3.1 Kaggle Competion

Kaggle (https://www.kaggle.com/), a subsidiary of Google LLC, is the world’s largest data science community with powerful tools and resources to help you achieve your data science goals. Kaggle was founded in 2010 with the idea that data scientists need a place to come together and collaborate on projects, learning new techniques and share each others experience. This has transformed into a network with more than 1,000,000 registered users, and has created a safe place for data science learning, sharing, and competition.

Using the human competitive spirit, Kaggle created a platform for organizations to host competitions which have fueled new methodology and techniques in data science, and given organizations new insights from the data they provided.

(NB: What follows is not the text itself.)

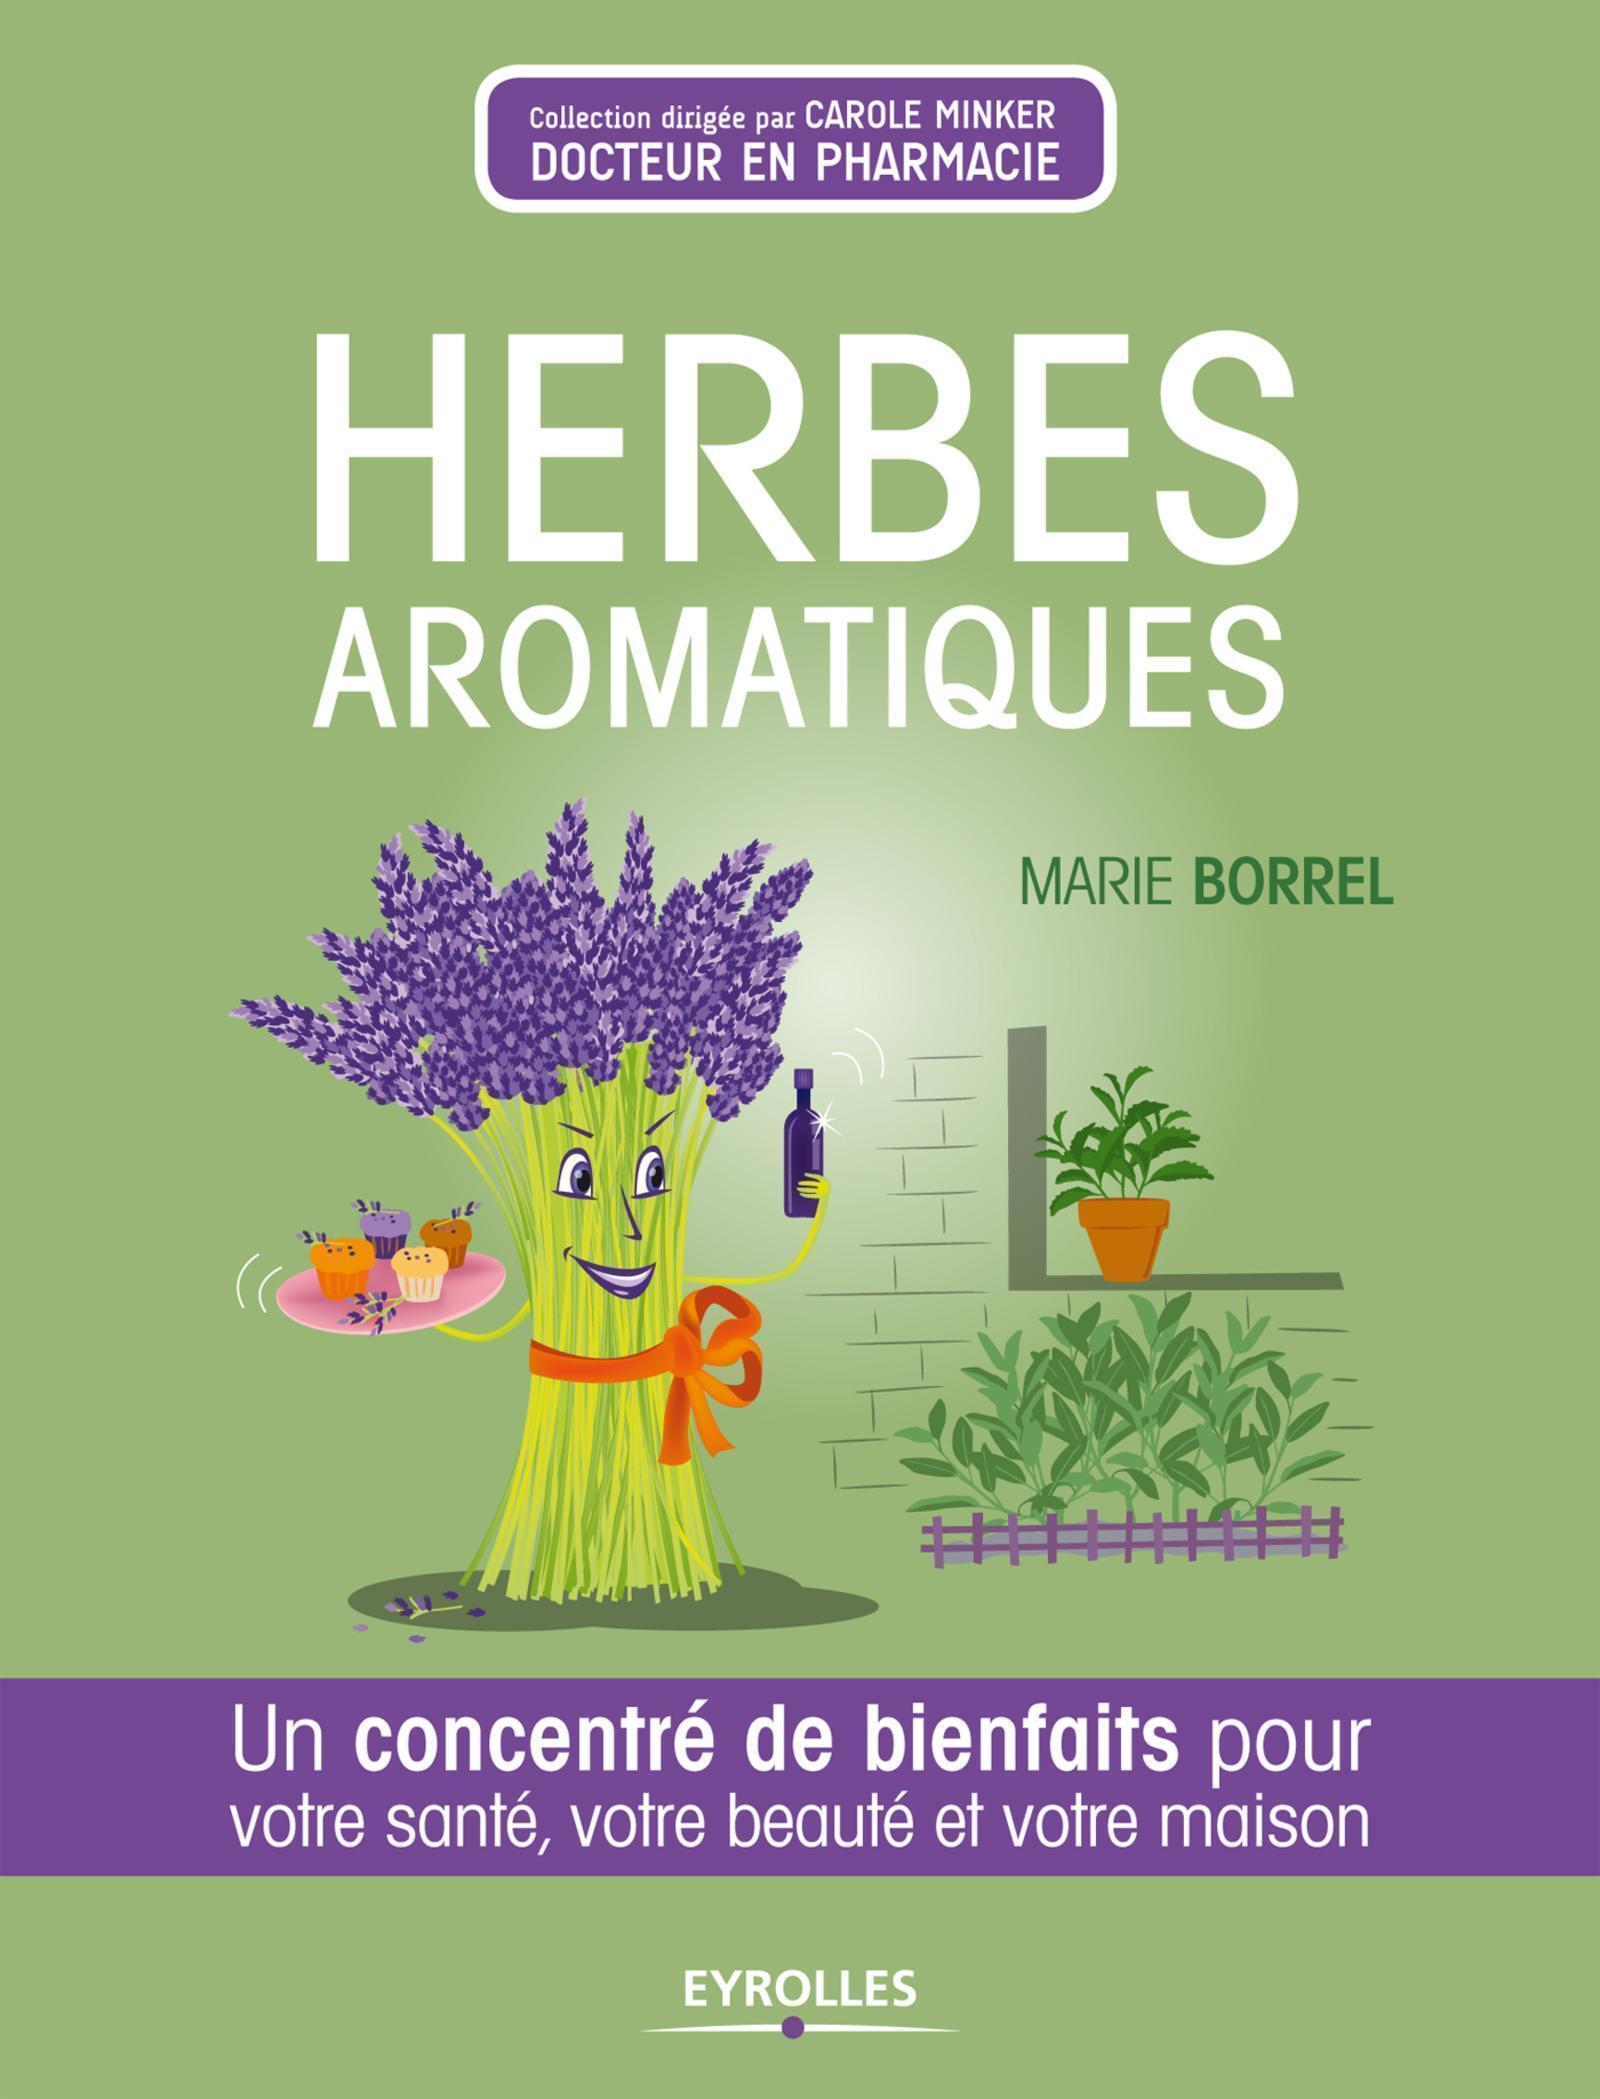 HERBES AROMATIQUES UN CONCENTRE DE BIENFAITS POUR VOTRE SANTE, VOTRE BEAUTE, VOTRE MAISON - UN CONCE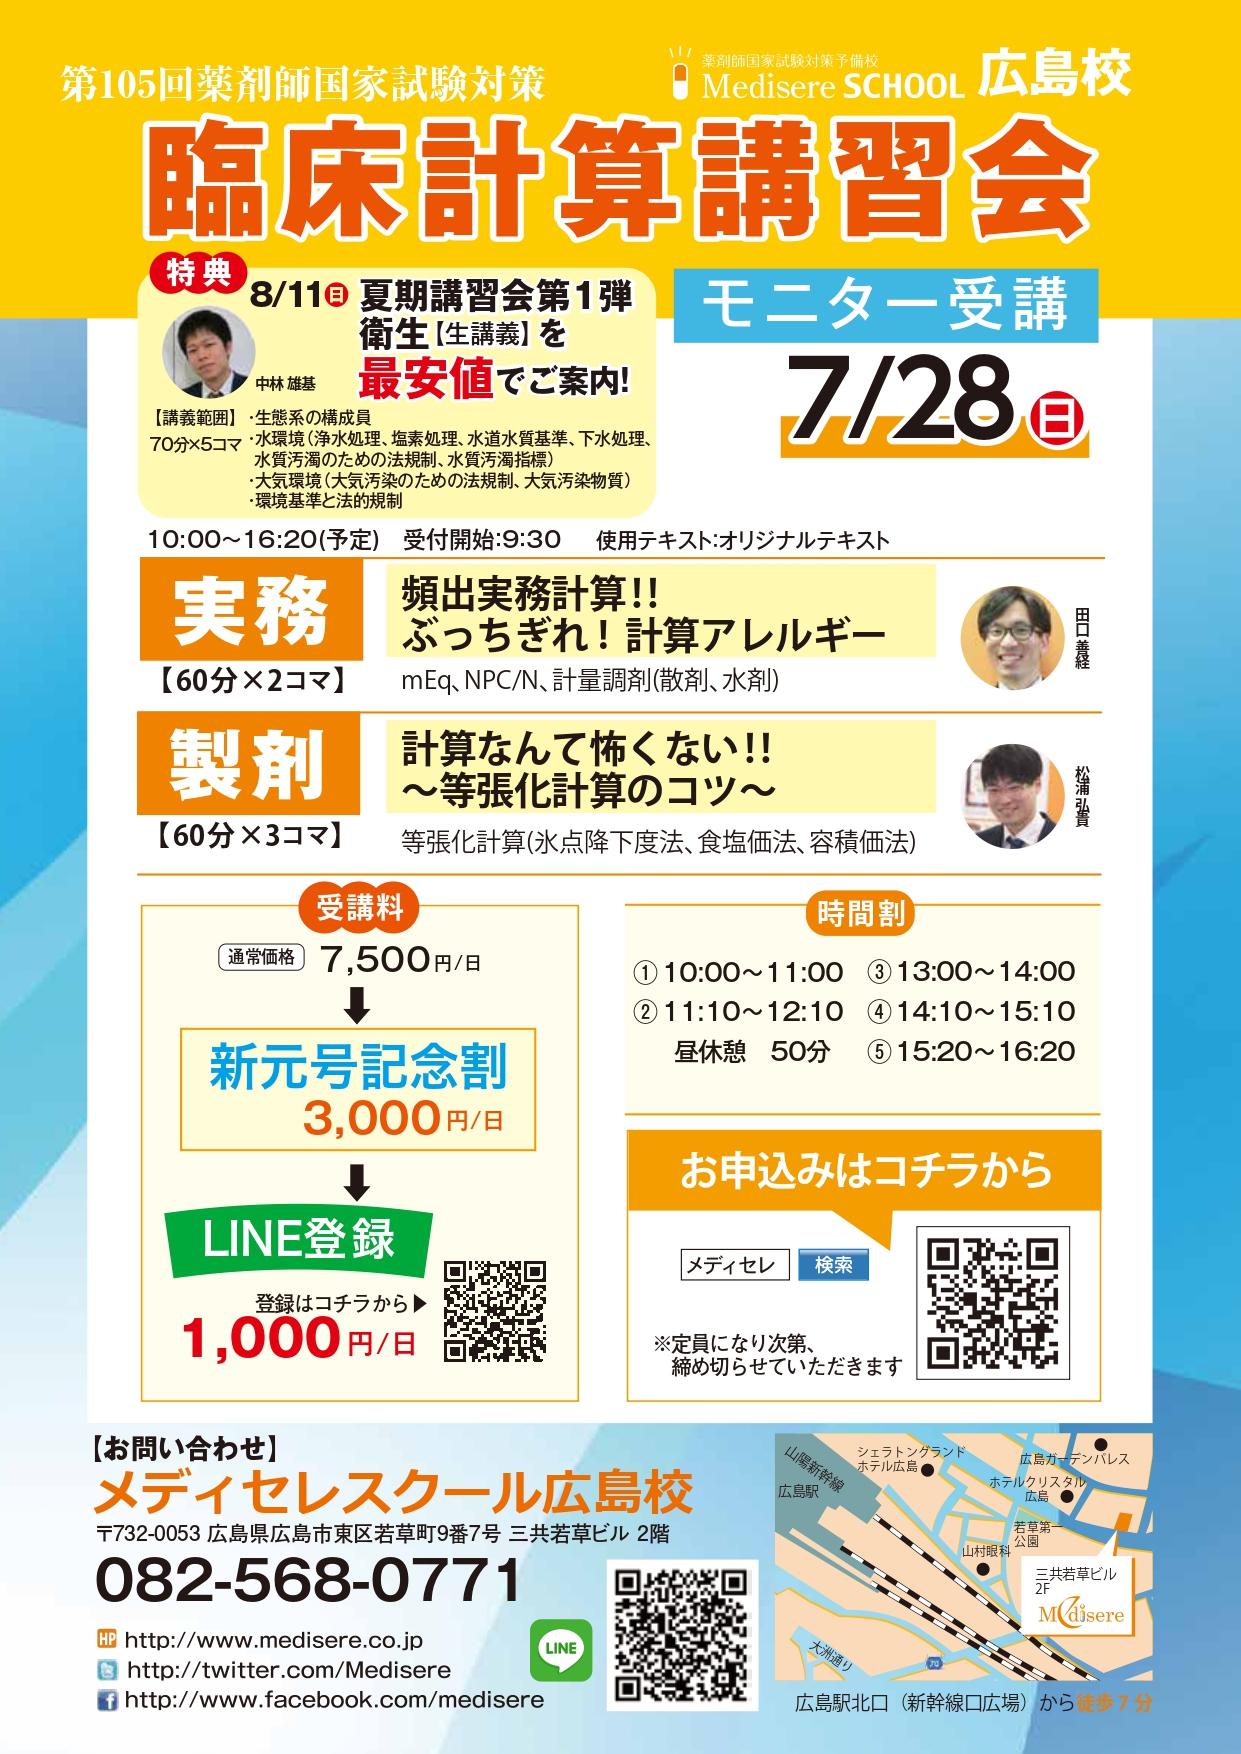 190728_臨床計算講習会(広島校)4_pages-to-jpg-0001

Figure 3.2: Kaggle Competition web site

Generally, each competition has a host, and each host has to prepare and provide data. When providing data, the host has the opportunity to give additional information such as a description, evaluation method, timeline, and prize for winning. Although this may not be an ideal real world data problem, which data scientist may face in the business. But it provides a good starting point for learners. In a real world, you may need to start from understand the business and find data sources by your self. Although competition host has provided data. You cannot assume the data provided are clean data and ready for analysis. Cleaning and preprocess data are part of the competition. Therefore, any solution can be tested to see how good a participant is with the whole process of data science project.